2014-10-26 Thread Murat Tasan
Hi all, I have a question about finalizers...
I have a package that manages state for a few connections, and I'd
like to ensure that these connections are 'cleanly' closed upon either
(i) R quitting or (ii) an unloading of the package.
So, in a pared-down example package with a single R file, it looks
something like:

# BEGIN PACKAGE CODE #
.CONNS <- new.env(parent = emptyenv())
.CONNS$resource1 <- NULL
.CONNS$resource2 <- NULL
## some more .CONNS resources...

reg.finalizer(.CONNS, function(x) sapply(names(x), disconnect), onexit = TRUE)

connect <- function(x) {
  ## here lies code to connect and update .CONNS[[x]]
}
disconnect <- function(x) {
  print(sprintf("disconnect(%s)", x))
  ## here lies code to disconnect and update .CONNS[[x]]
}
# END PACKAGE CODE #

The print(...) statement in disconnect(...) is there as a trace, as I
hoped that I'd see disconnect(...) being called when I quit (or
detach(..., unload = TRUE)).
But, it doesn't appear that disconnect(...) is ever called when the
package (and .CONNS) falls out of memory/scope (and I ran gc() after
detach(...), just to be sure).

In a second 'shot-in-the-dark' attempt, I placed the reg.finalizer
call inside an .onLoad function, but that didn't seem to work, either.

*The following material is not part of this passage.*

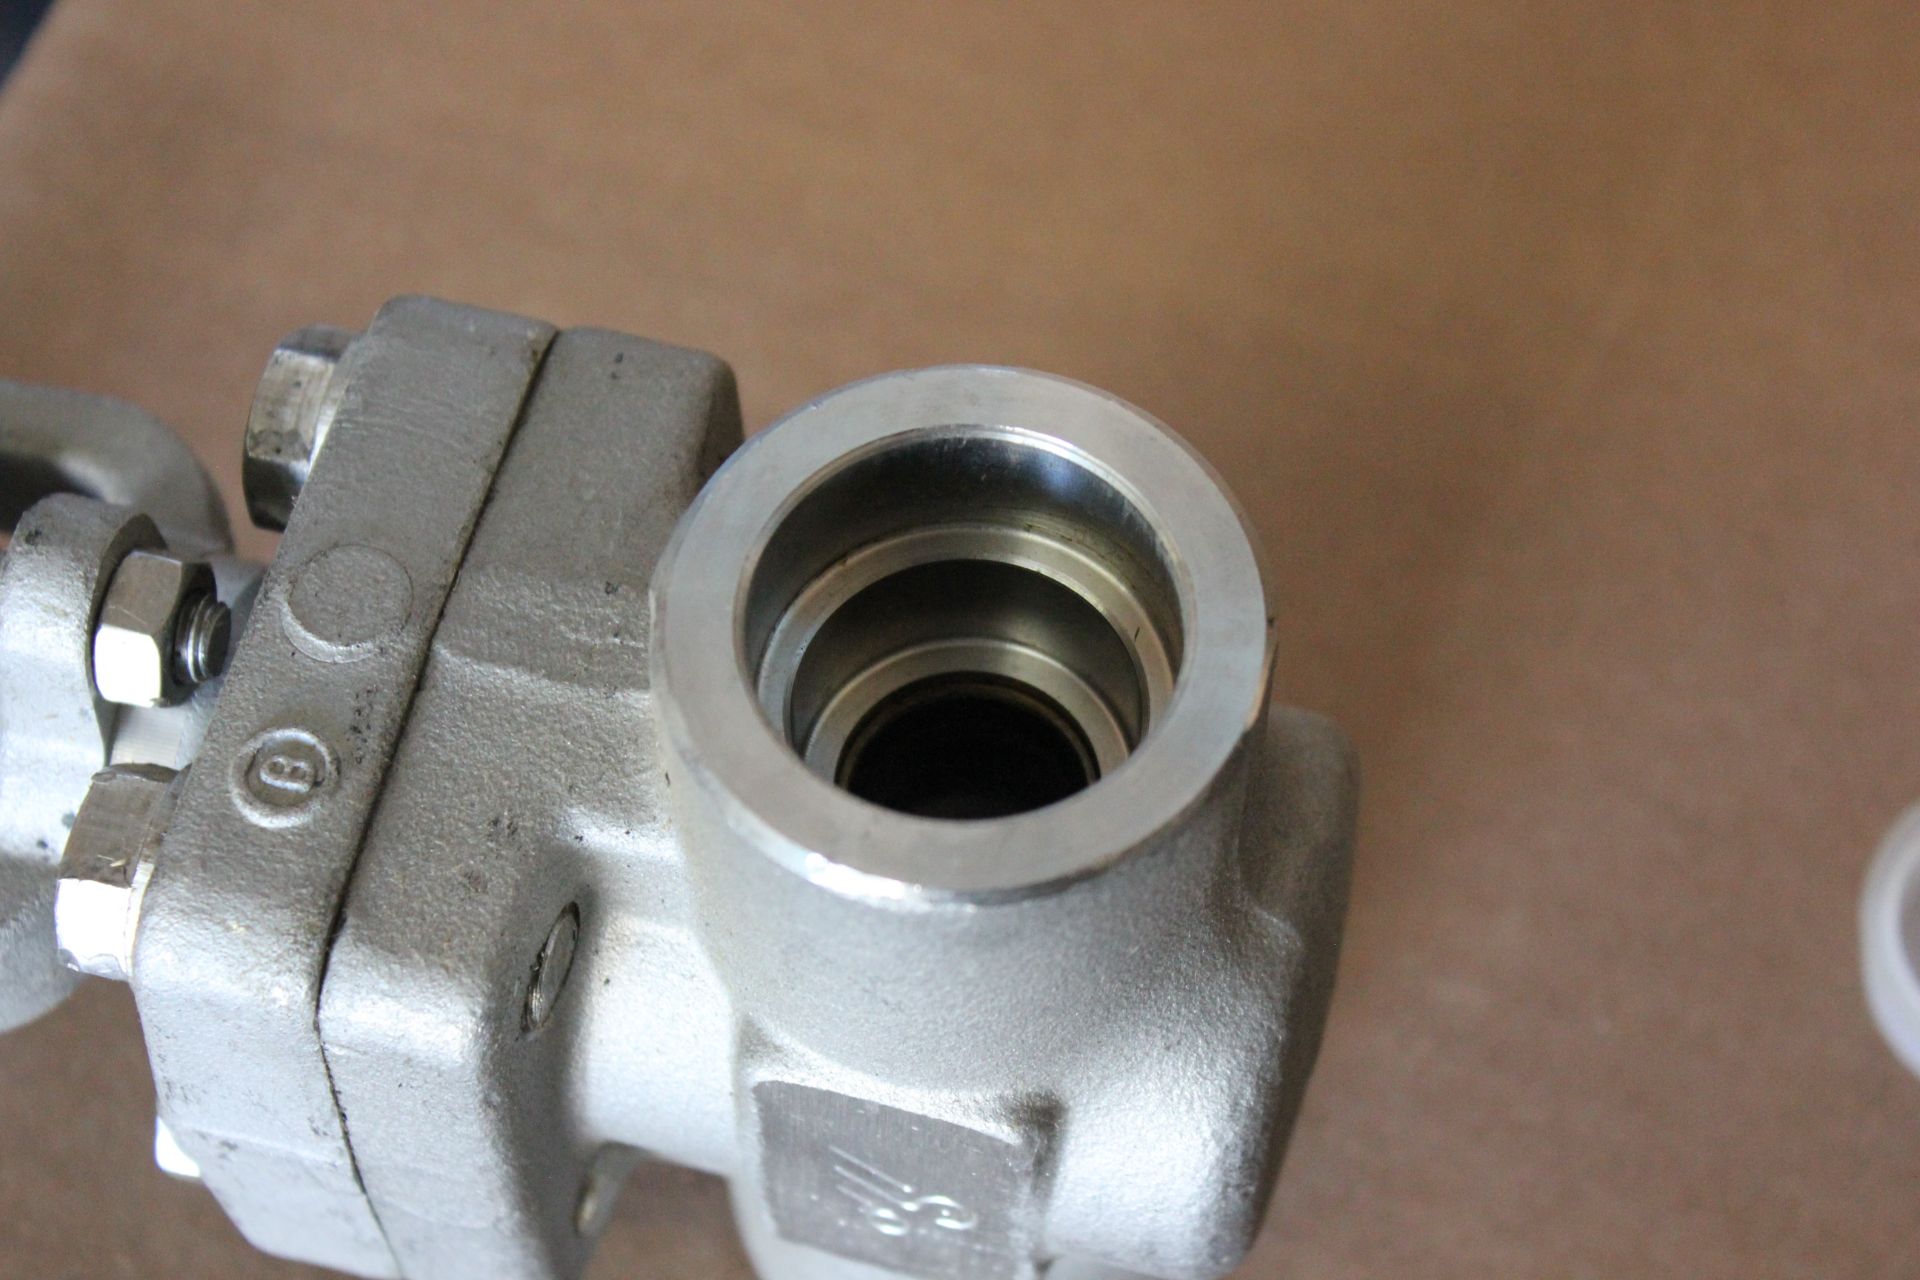 NEW DSI STAINLESS STEEL 1" GATE VALVE - Image 8 of 8

I'm guessing my use of reg.finalizer is way off-base here... but I
cannot infer from the reg.finalizer man page what I might be doing
wrong.
Is there a way to see, at the R-system level, what functions have been
registered as finalizers?

Thanks for any pointers!

-Murat

__
R-devel@r-project.org mailing list
https://stat.ethz.ch/mailman/listinfo/r-devel


Re: [Rd] proper use of reg.finalizer to close connections

2014-10-26 Thread Murat Tasan
Ah, thanks for the ls() vs names() tip!
(But sadly, it didn't solve the issue... )

So, after some more tinkering, I believe the finalizer is being called
_sometimes_.
I changed the reg.finalizer(...) call to just this:

reg.finalizer(.CONNS, function(x) print("foo"), onexit  = TRUE)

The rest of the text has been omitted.